**Task item**
Leaving out the pictures, retype exactly the lines from the one holding "gilgamesh and enkidu friendship essay" through the end of the material.

**Data below**
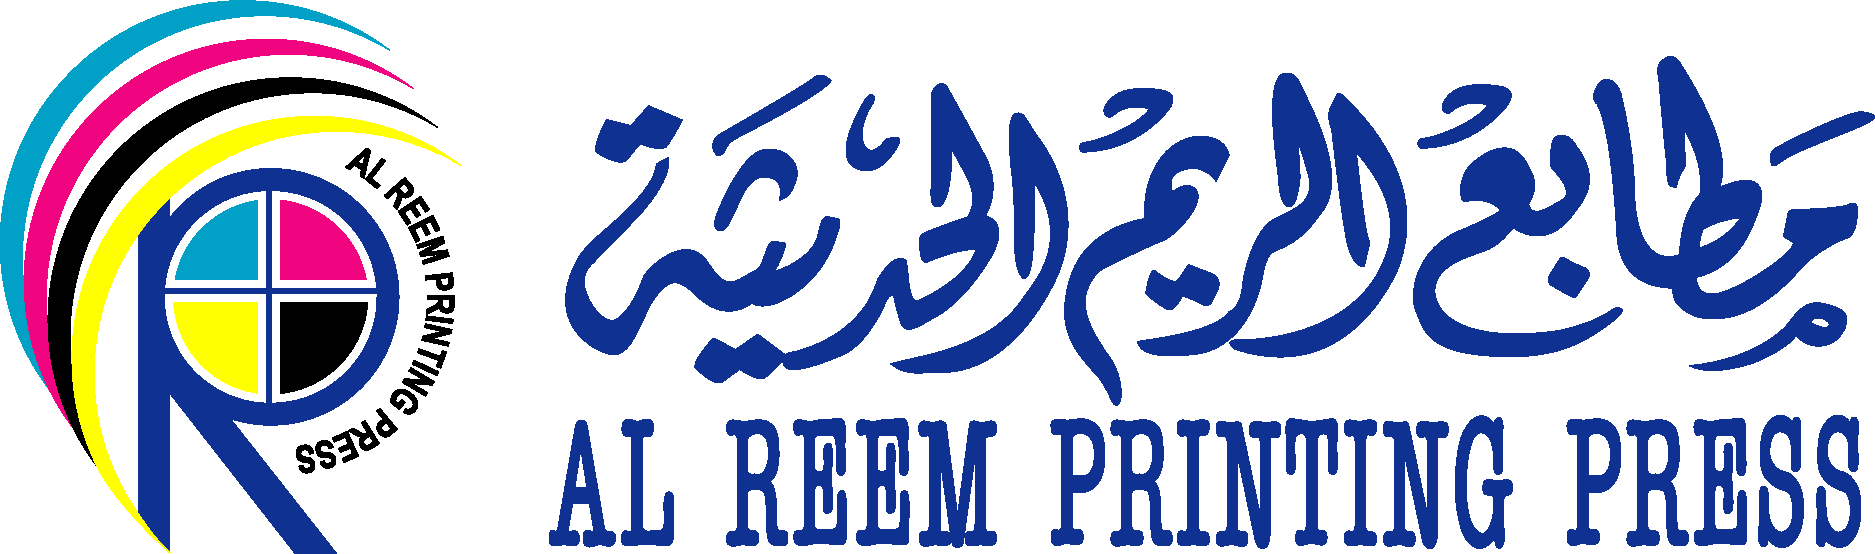 Printing Company Logo Design (1634256)
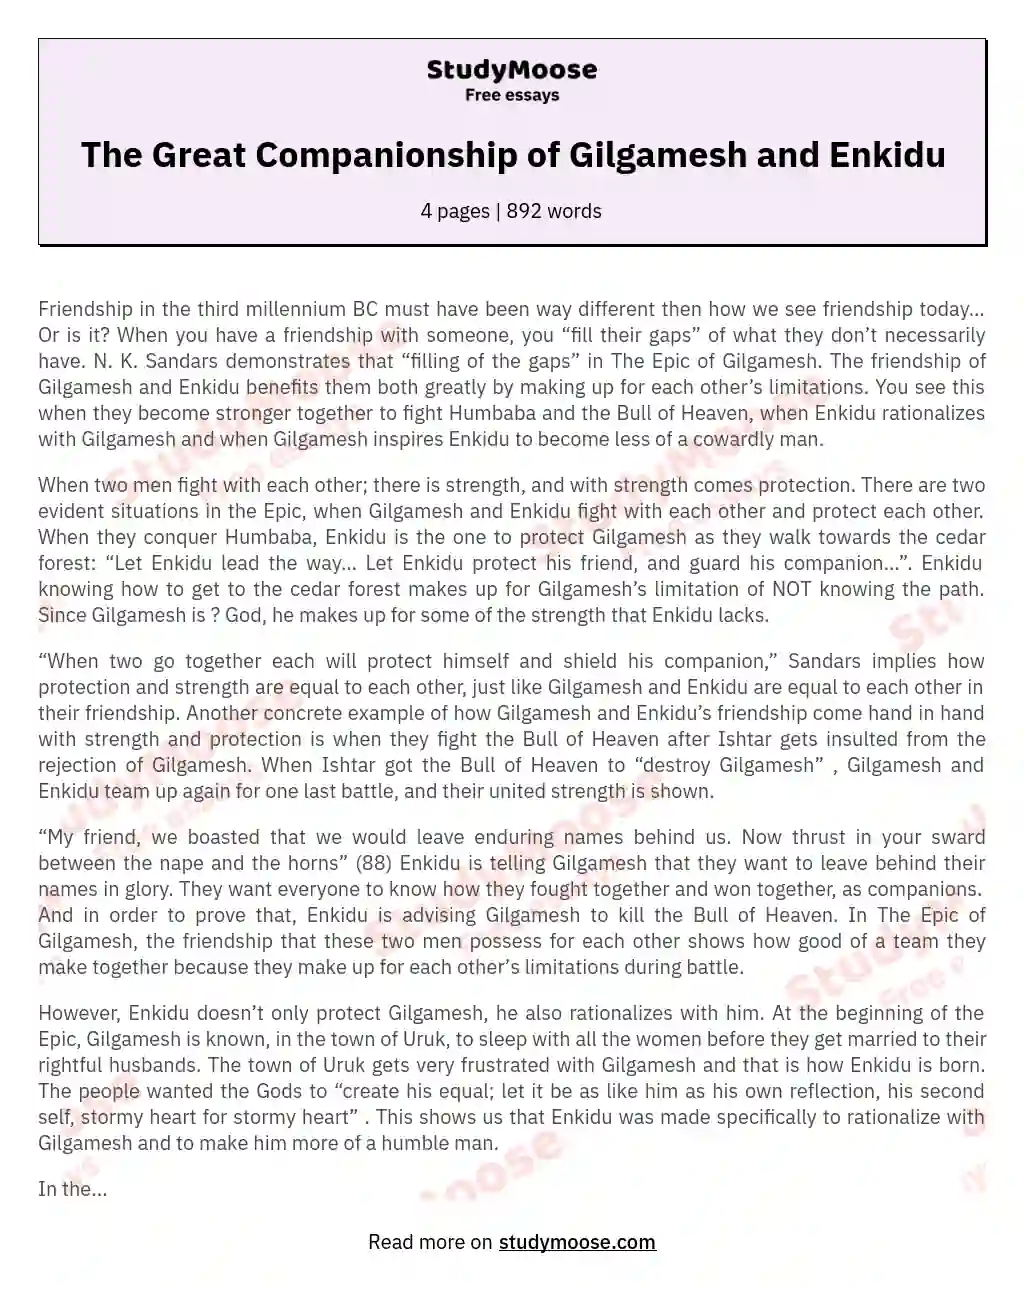 gilgamesh and enkidu friendship essay
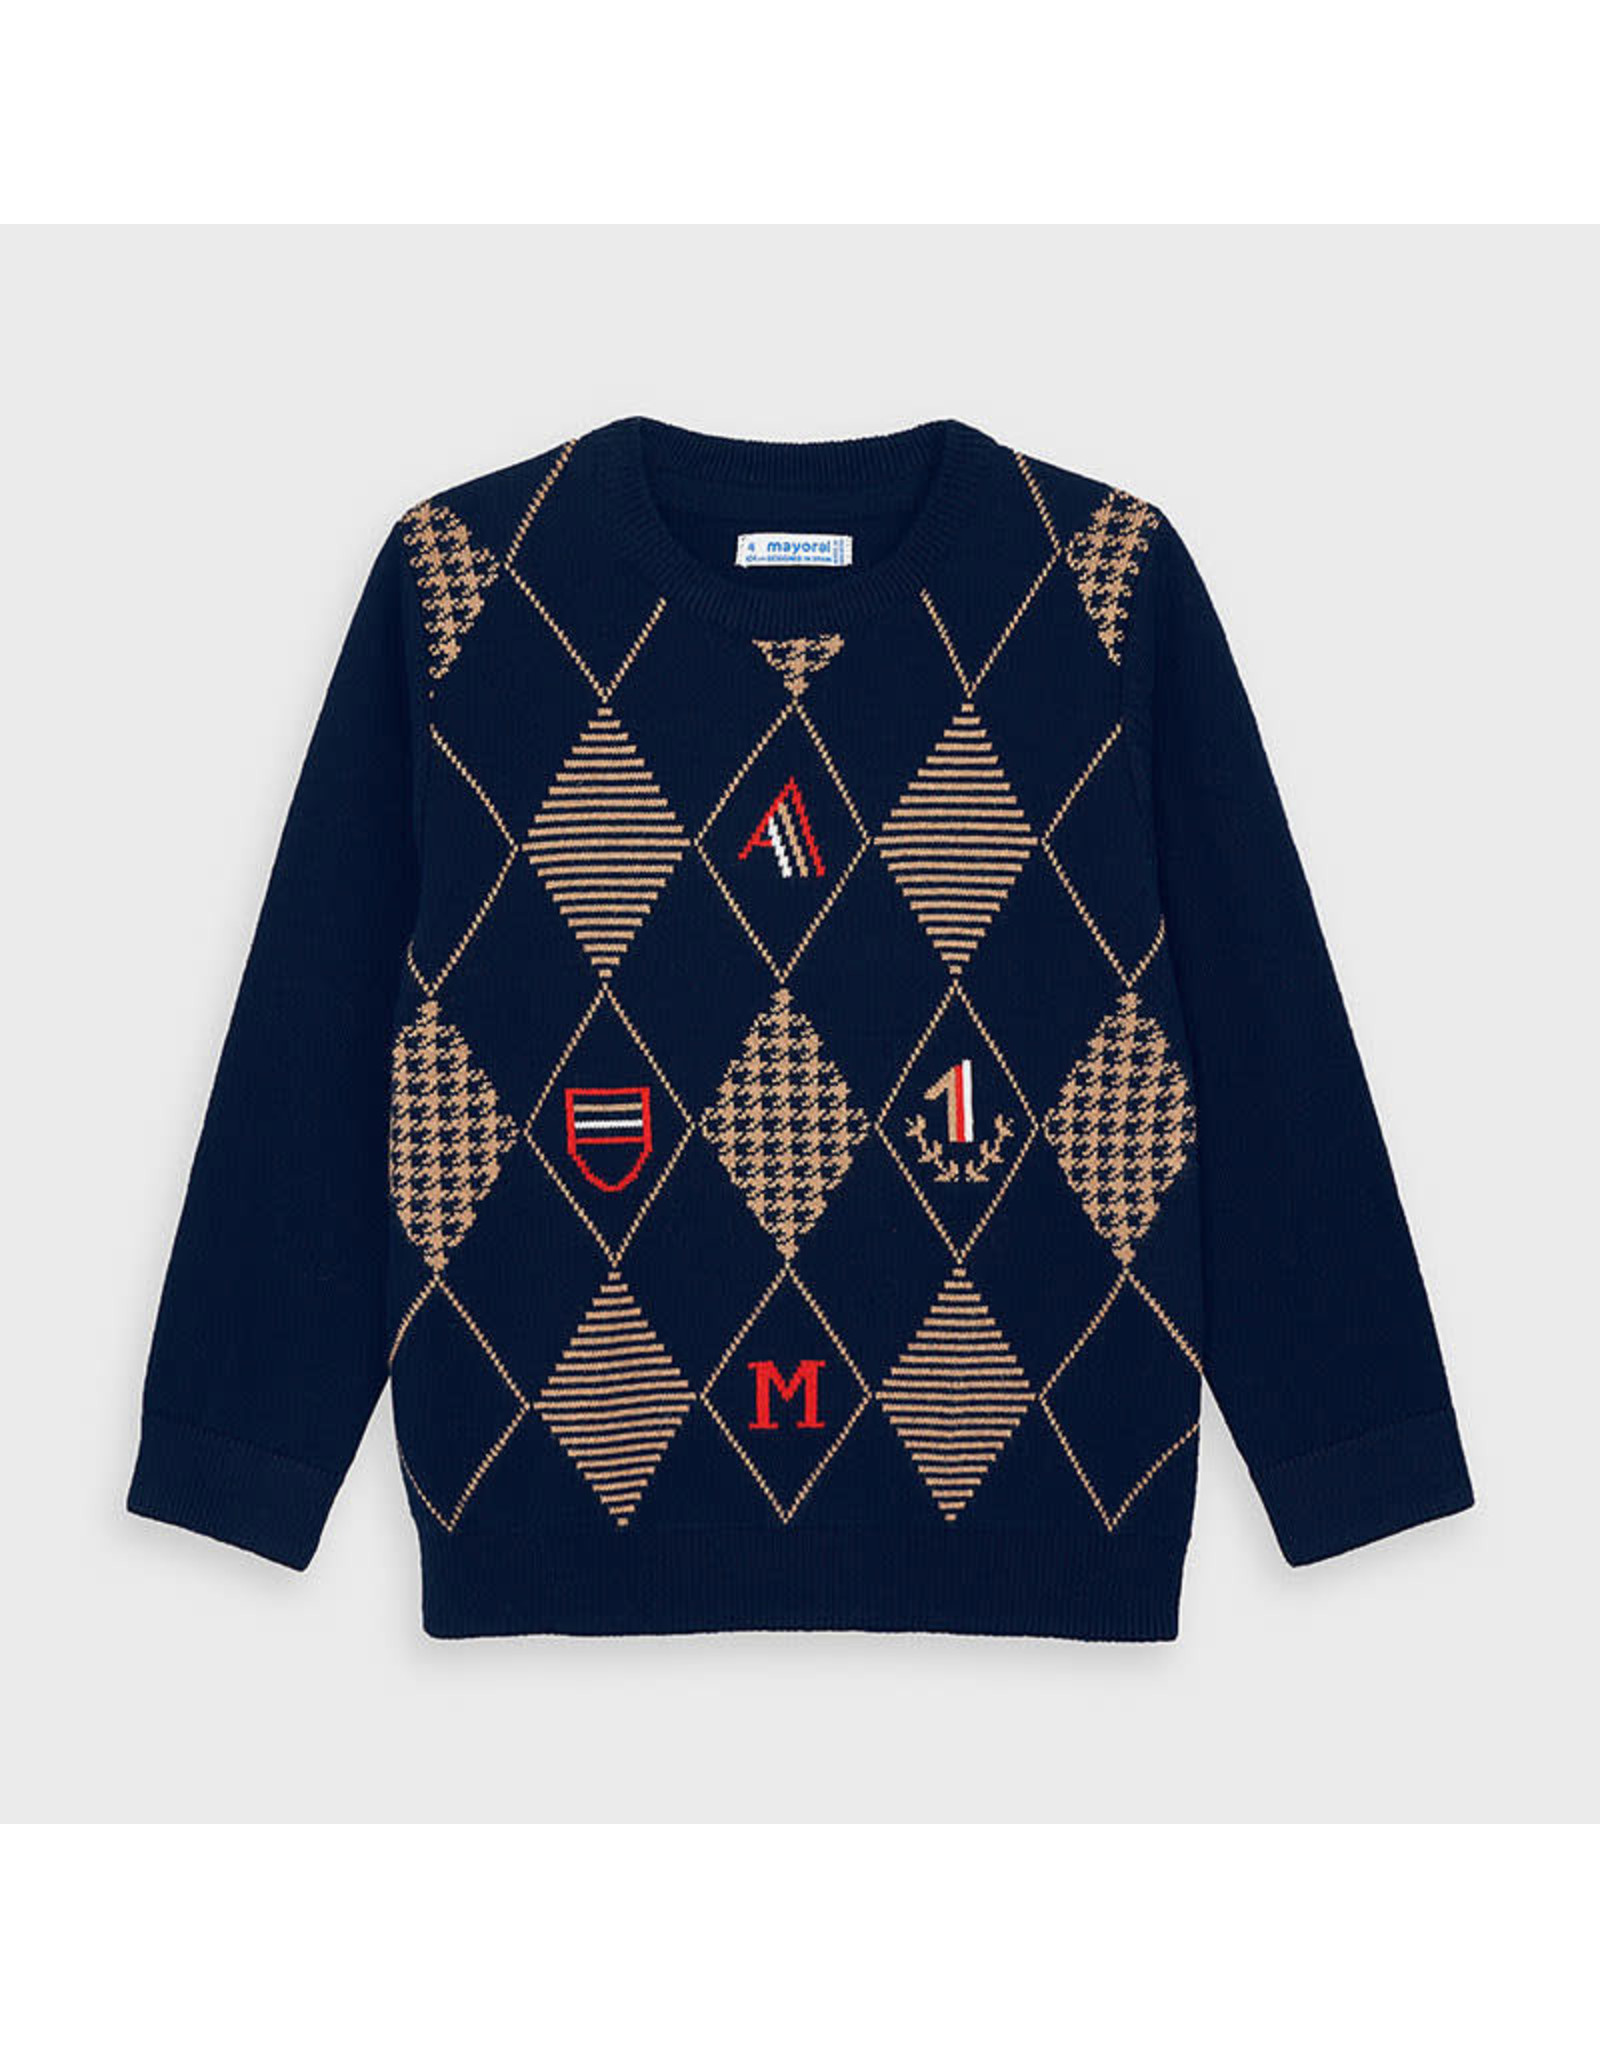 Mayoral Navy Diamond Sweater (size 8)

**Answer space**
 gilgamesh and enkidu friendship essay
 Mayoral Navy Diamond Sweater (size 8)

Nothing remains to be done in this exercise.